Legal issues: Metadata allows repositories to track the many layers of rights, licensing, and reproduction information that exist for original items as well as for their related information objects and the multiple versions of those information objects. Metadata also documents other legal or donor requirements that have been imposed on original objects and their surrogates—for example, privacy concerns, restrictions on reproductions, and proprietary and commercial interests. (See chapter 4, “Rights Metadata Made Simple” by Maureen Whalen.)

Preservation and persistence: If digital information objects that are currently being created are to have a chance of surviving migrations through successive generations of computer hardware and software, or removal to entirely new delivery systems, they will need metadata that enables them to exist independently of the system that is currently being used to store and retrieve them. Technical, descriptive, and preservation metadata that documents how a digital information object was created and maintained, how it behaves, and how it relates to other information objects will be essential. It should be noted that for the information objects to remain accessible and intelligible over time, it will also be essential to preserve and migrate this metadata and to ensure that it does not become “disconnected” from the object it describes.
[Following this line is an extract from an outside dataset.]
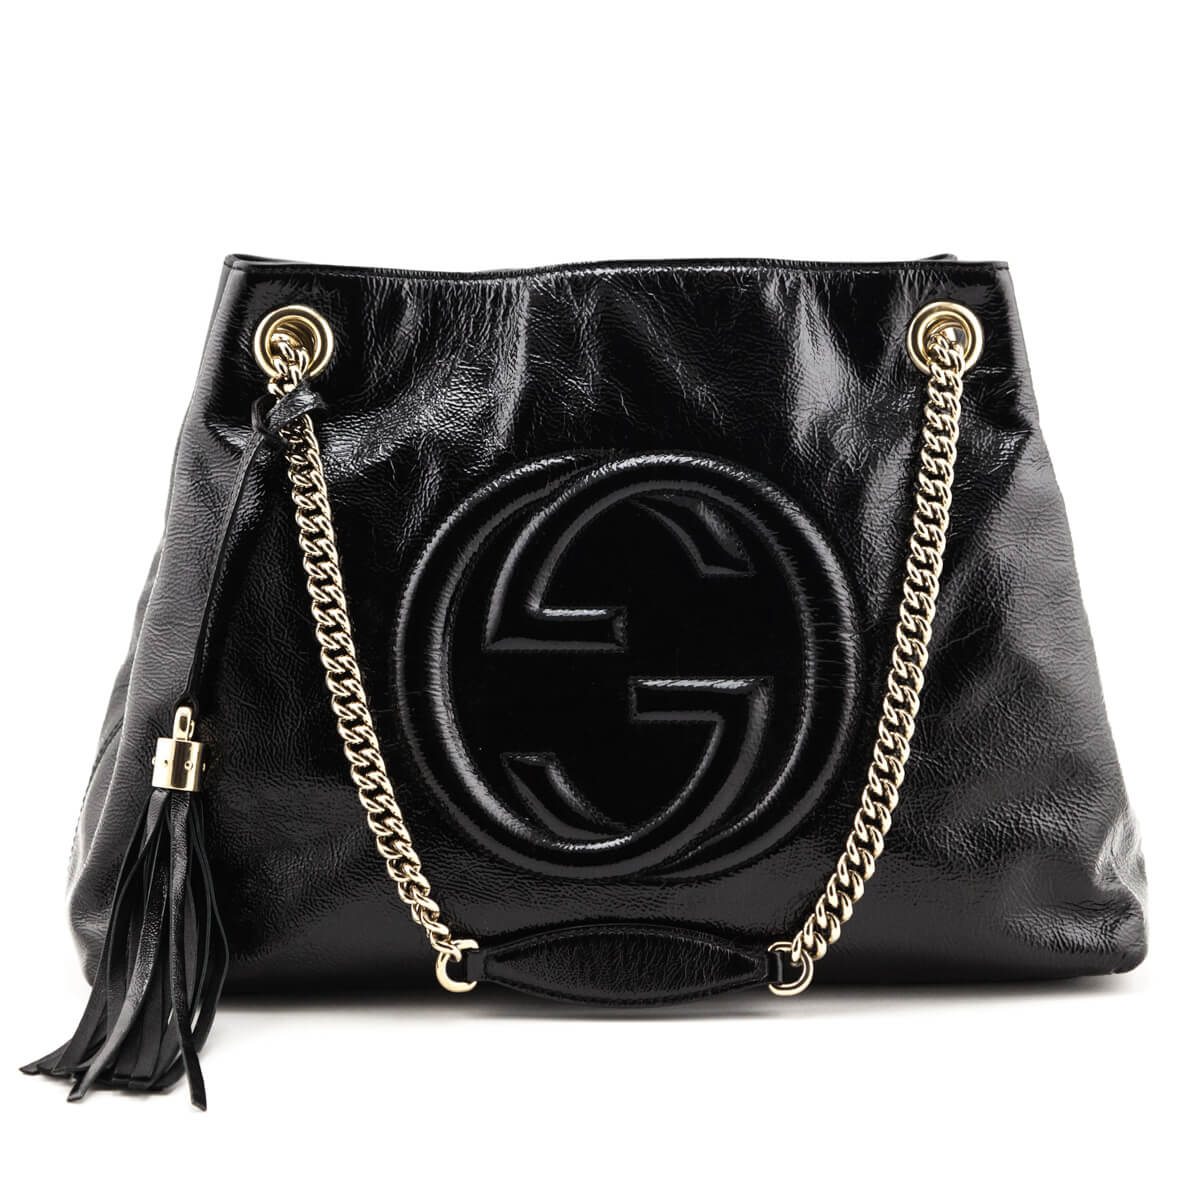 Gucci Black Patent Leather Soho Medium Chain Shoulder Bag - Gucci CA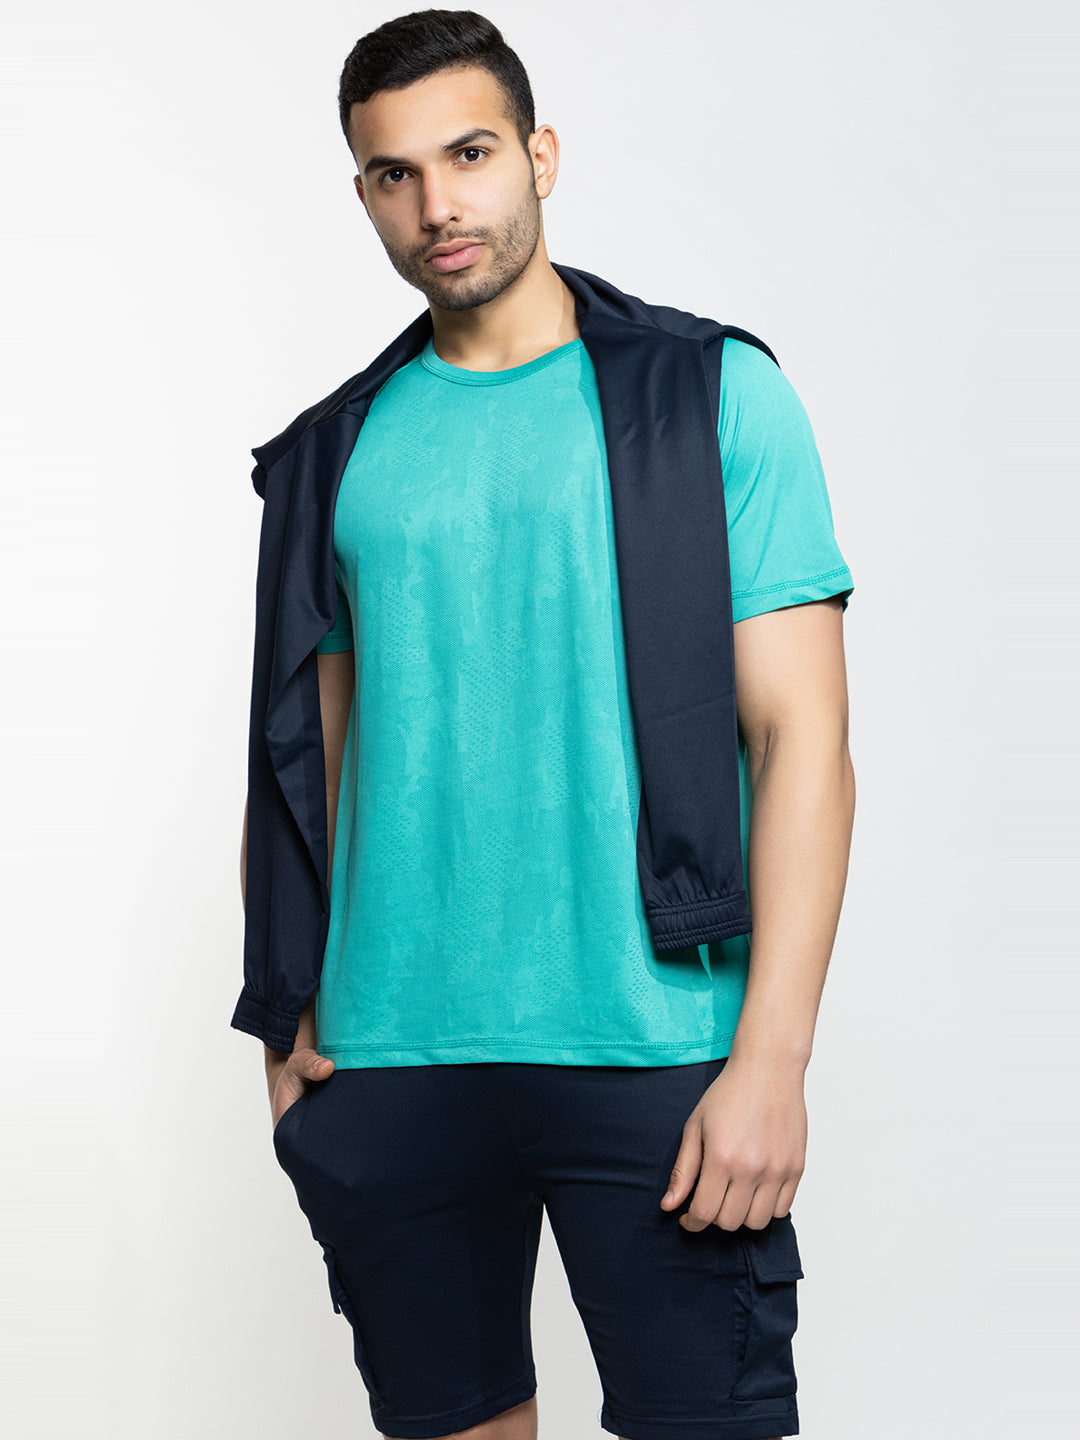 120 Camo Textured Dri-Fit Sports Tshirt I Turquoise Green

System improvement and economics: Benchmark technical data, much of which can be collected automatically by a computer, is necessary to evaluate and refine systems in order to make them more effective and efficient from a technical and economic standpoint. The data can also be used in planning for new systems.

A Note on Metadata, Version Control, Reuse, and Recontextualization

It is worth giving special mention to the roles that metadata increasingly needs to play in supporting some of the particular opportunities of the digital age. Historically, one goal of cataloging was to make it possible to distinguish one version of an object or work from another. One item might be different from another, for example, because it was a second edition of the same work, because it contained printing anomalies distinct from other copies printed at the same time, because it was an abridged or translated version of the original title, or because its title had changed.¹⁰ Various standardized practices exist to help catalogers alert potential users to such differences in versions of a work. Today metadata must still be able to elucidate such distinctions. However, it must also be able to help users distinguish between, and trace the changes in, the following:

Original analog and digitized versions, noting any changes that might have occurred accidentally or deliberately during the digitization process (e.g., digital “repair” of a broken glass lantern slide).
Digitized and born-digital objects that are created in a range of resolutions to facilitate a variety of distribution mechanisms and uses or that are periodically refreshed, migrated, or rendered into an alternate format for preservation and long-term storage or security purposes.
Original and renamed, retitled, or reattributed objects. For example, museum objects may be renamed or reattributed or assigned a different creation date because new documentation has come to light. Metadata may also change due to cultural sensitivities or challenges regarding provenance; for example, place names or object names may be changed to their original Native American forms, with English-language names that were assigned after the objects’ creation “demoted” to the status of variants or additional access points.
Original born-digital materials and revised or updated versions (e.g., websites, reference databases).
Original analog or born-digital materials that are reused in part or in whole in new digital resources (e.g., personal websites, digital art, or digital music compilations).
Objects, especially but not only museum objects, that are described collectively in one context within their metadata (e.g., as objects that were all collected at the same time at the same archaeological excavation) but are then taken individually out of that collection and recontextualized (e.g., in a special exhibition of Greek vases from a particular period or an exhibition of paintings relating to a particular theme or subject).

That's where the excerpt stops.